# Uniform circular motion; two balls, two cables, and a post; no gravity

1. Jun 6, 2010

### emr13

1. The problem statement, all variables and given/known data

In space in the absence of gravity, there is a post of "infinite mass," meaning that the post is fixed or "nailed down" and cannot move. A ball of mass m1 is connected to the post by a cable of negligible mass of length L1. A second ball of mass m2 is connected to the first ball by a second cable of negligible mass of length L2. The entire contraption (except for the post) is moving around the post in a perfect circle with a constant angular speed ω2 (in radians per unit time). Find the tension in each cable.

2. Relevant equations

F = ma= mv2/r = mω2r

3. The attempt at a solution

So there is a cable tension (T1) acting on the ball with mass m1 and then a cable tension (T2) acting on the ball with mass m2.

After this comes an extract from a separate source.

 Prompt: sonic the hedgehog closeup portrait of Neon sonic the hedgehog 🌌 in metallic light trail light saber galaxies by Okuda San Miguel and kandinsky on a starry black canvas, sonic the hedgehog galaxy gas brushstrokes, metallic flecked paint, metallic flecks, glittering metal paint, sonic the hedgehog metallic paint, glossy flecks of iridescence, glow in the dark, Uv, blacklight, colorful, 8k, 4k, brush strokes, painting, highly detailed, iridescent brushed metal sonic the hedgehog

This is what I have, and I'm wondering if it is correct. There is no movement or force in the y-direction at all, so I think only the x-components matter...but if I include cosθ, then there's a denominator of zero, so I'm guess that's not supposed to be there. Are these correct then?

For cable of length L1, T=m1ω2L1

For cable of length L2, T=m2ω2(L1+L2)

2. Jun 6, 2010

### aim1732

For inner mass Fnet = mw2L1 but there are two forces on it.

3. Jun 6, 2010

### emr13

Do you mean the force from the post?

4. Jun 7, 2010

### cartonn30gel

Draw a free body diagram for each ball. Then it will be easier to calculate the centripetal force for each object.

Last edited: Jun 7, 2010
5. Jun 7, 2010

### aim1732

I don't see how a post can exert a force on a faraway mass!

6. Jun 7, 2010

### emr13

So then you must mean the force from the other cable...I'm not sure how to include that, to be honest.

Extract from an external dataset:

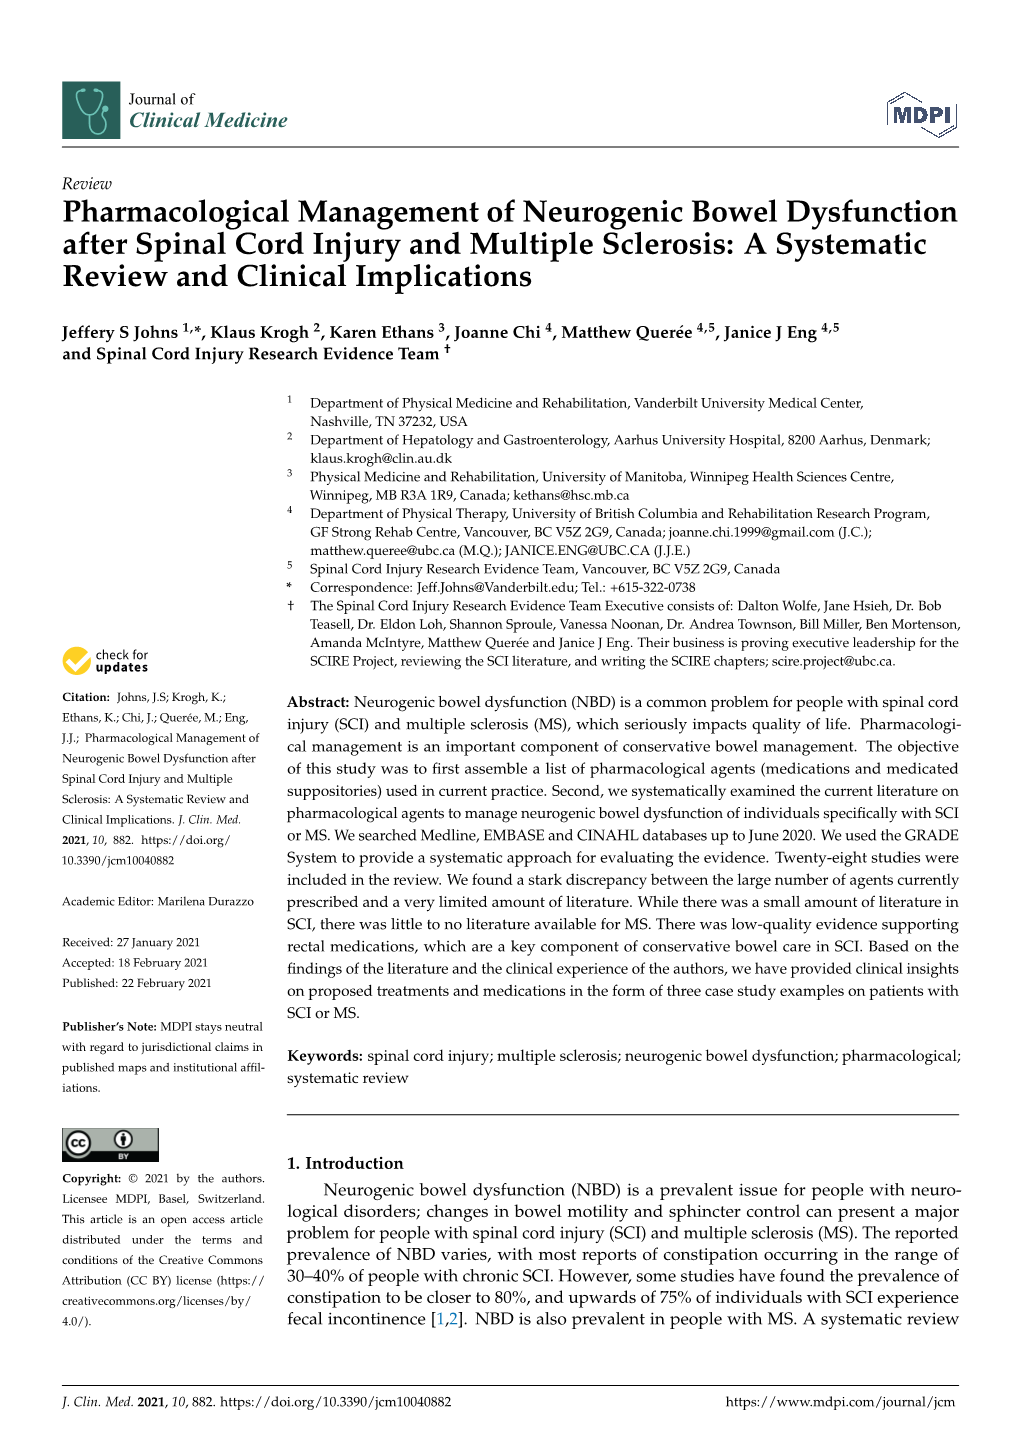 Pharmacological Management of Neurogenic Bowel Dysfunction After Spinal Cord Injury and Multiple Sclerosis: a Systematic Review and Clinical Implications

Maybe for cable of length L1, T1=m1ω2L1-m2ω2(L1+L2)? And then for cable of length L2, it would still be T2=m2ω2(L1+L2)?

I honestly did that...

7. Jun 7, 2010

### aim1732

Yes I was.
The force on the outer mass is determined by the second law as there is just one force there. So tension in outer cable is now known. Then you can apply the second law to the inner mass- one force is known and the net force is known.

8. Jun 7, 2010

### emr13

Okay. I think I've got it now; thanks.